§ What this task involves
Check every line of the entries for "Olive", and copy the lines that hold it.

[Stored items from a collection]
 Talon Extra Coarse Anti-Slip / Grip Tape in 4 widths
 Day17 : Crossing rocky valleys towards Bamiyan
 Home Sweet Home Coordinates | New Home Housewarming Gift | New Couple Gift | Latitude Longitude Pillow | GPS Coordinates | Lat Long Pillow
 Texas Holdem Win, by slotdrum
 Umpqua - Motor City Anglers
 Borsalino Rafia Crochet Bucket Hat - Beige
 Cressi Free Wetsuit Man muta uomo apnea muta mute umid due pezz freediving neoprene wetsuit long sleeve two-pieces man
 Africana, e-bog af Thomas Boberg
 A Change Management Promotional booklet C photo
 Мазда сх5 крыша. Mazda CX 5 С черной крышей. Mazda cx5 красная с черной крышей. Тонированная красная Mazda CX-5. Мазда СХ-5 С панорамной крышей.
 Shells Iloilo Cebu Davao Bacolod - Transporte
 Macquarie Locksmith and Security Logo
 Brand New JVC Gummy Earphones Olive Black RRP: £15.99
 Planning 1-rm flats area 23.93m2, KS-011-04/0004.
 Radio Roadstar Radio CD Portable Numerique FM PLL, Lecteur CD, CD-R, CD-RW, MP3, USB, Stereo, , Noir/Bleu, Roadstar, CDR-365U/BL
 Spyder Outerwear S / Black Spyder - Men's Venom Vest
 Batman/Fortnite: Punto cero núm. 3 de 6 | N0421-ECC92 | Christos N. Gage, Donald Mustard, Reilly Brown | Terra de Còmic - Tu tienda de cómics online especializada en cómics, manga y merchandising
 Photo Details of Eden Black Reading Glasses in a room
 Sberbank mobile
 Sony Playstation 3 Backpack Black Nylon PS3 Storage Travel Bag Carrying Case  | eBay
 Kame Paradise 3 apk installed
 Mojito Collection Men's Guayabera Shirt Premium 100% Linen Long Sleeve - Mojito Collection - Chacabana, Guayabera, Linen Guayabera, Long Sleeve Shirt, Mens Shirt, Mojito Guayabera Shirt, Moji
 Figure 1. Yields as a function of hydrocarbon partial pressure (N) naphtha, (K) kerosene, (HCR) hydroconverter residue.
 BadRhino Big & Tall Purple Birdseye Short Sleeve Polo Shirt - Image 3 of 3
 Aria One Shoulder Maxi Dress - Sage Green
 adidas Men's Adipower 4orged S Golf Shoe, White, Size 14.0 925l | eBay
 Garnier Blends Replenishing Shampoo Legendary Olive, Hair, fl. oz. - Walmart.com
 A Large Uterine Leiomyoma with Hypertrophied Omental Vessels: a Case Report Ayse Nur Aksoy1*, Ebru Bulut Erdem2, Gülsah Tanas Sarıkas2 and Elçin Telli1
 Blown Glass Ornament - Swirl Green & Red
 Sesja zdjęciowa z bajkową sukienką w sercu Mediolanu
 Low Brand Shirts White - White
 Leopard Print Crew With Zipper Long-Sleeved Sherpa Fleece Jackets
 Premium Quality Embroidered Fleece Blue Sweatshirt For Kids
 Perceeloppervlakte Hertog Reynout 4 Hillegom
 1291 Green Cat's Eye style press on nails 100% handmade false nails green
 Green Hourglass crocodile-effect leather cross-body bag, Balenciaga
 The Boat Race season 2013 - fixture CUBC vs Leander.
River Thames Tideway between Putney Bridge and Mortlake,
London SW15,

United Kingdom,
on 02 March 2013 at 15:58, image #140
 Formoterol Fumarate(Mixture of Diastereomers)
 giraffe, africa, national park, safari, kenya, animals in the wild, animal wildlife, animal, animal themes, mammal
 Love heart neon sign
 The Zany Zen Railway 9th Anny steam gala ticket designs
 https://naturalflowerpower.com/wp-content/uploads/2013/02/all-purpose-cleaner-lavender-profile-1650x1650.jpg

§ Solution to this problem
 Brand New JVC Gummy Earphones Olive Black RRP: £15.99
 Garnier Blends Replenishing Shampoo Legendary Olive, Hair, fl. oz. - Walmart.com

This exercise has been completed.